Roger Clegg on Sotomayor’s selective reading reflects her judicial activism

Published June 28, 2009 4:00am ET



A decision is expected today in the New Haven firefighters case currently pending before the Supreme Court, Ricci v. DeStefano. The case was already front-page news before President Barack Obama nominated Judge Sonia Sotomayor to the Supreme Court.

Now it is of even greater interest, since Sotomayor joined the per curiam decision by the court of appeals that the Supreme Court has under review.

The case involves applicants for promotion in the fire department of New Haven, Connecticut. The city administered a test to determine eligibility, but then decided to throw out the results because too many whites, and not enough African Americans, did well on it.

 

The firefighters who had earned promotions then sued, arguing that they had been discriminated against on the basis of race, in violation of Title VII of the 1964 Civil Rights Act and the U.S. Constitution.

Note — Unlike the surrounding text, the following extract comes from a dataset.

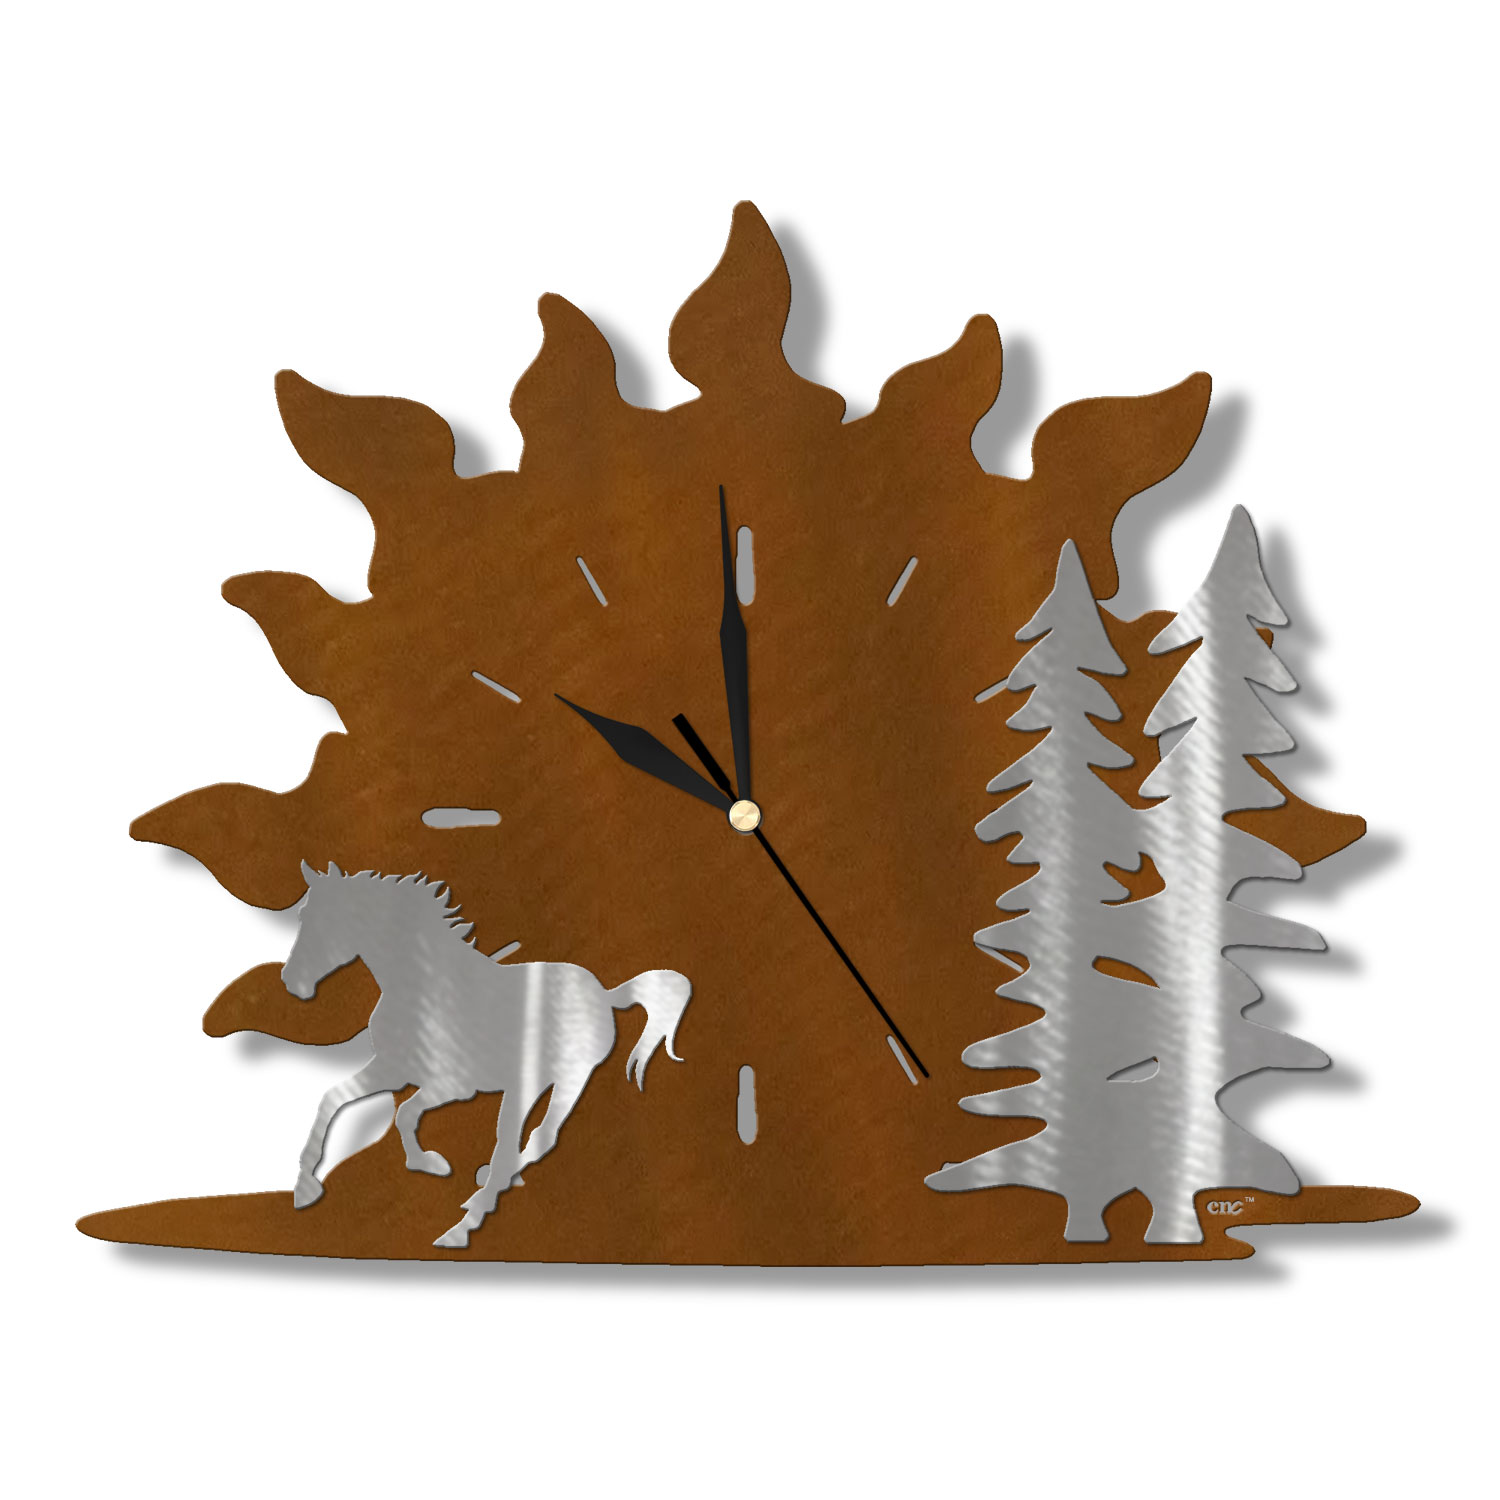 604020 - Sunrise 15in Wall Clock - Horse and Trees - Choose Color

The text of Title VII is all about telling employers that they must ignore race and ethnicity (as well as sex and religion) in their treatment of employees. The statute also says that testing is fine and that nothing in it requires racial or ethnic balancing.

 

Yet Sotomayor ruled that it violated no law for the city to throw out the promotion test results. To do so, she seized on one subsection of Title VII, which makes it possible for employers to be sued if they use a method of selection that has a significant “disparate impact” on the basis of race or ethnicity, unless that method is “job related for the position in question and consistent with business necessity.”

But it is very odd to seize upon a relatively small part of Title VII and read it in a way that swallows the anti-discrimination focus of the overwhelming bulk of the statutory scheme. Such a reading not only undermines Title VII, but also the Constitution, which forbids government employers from denying “the equal protection of the laws.”

There is nothing in the Constitution’s text that suggests an exception when the discrimination is of a politically correct variety.

The classic instance of judicial activism is making up a constitutional guarantee that is not actually in the Constitution, and using that to strike down a state law. But judicial activism can also involve ignoring a guarantee that in the Constitution to uphold a statute that violates it.

And this gives us reason to suppose that this distortion of the legal texts involved was driven by Sotomayor’s personal policy preferences, the definition of judicial activism. Her now well-publicized extrajudicial pronouncements in these areas suggest that she is deeply immersed in identity politics. In particular, she has been very aggressive in her support for affirmative action and other selection policies to ensure politically correct numbers.

Whatever decision the Supreme Court renders in this case, it’s clear that it will play an important role in confirmation hearings. Sotomayor will have to find good answers as to why she allows her beliefs to narrow her reading of the law.

Roger Clegg is president and general counsel of the Center for Equal Opportunity in Falls Church, Virginia.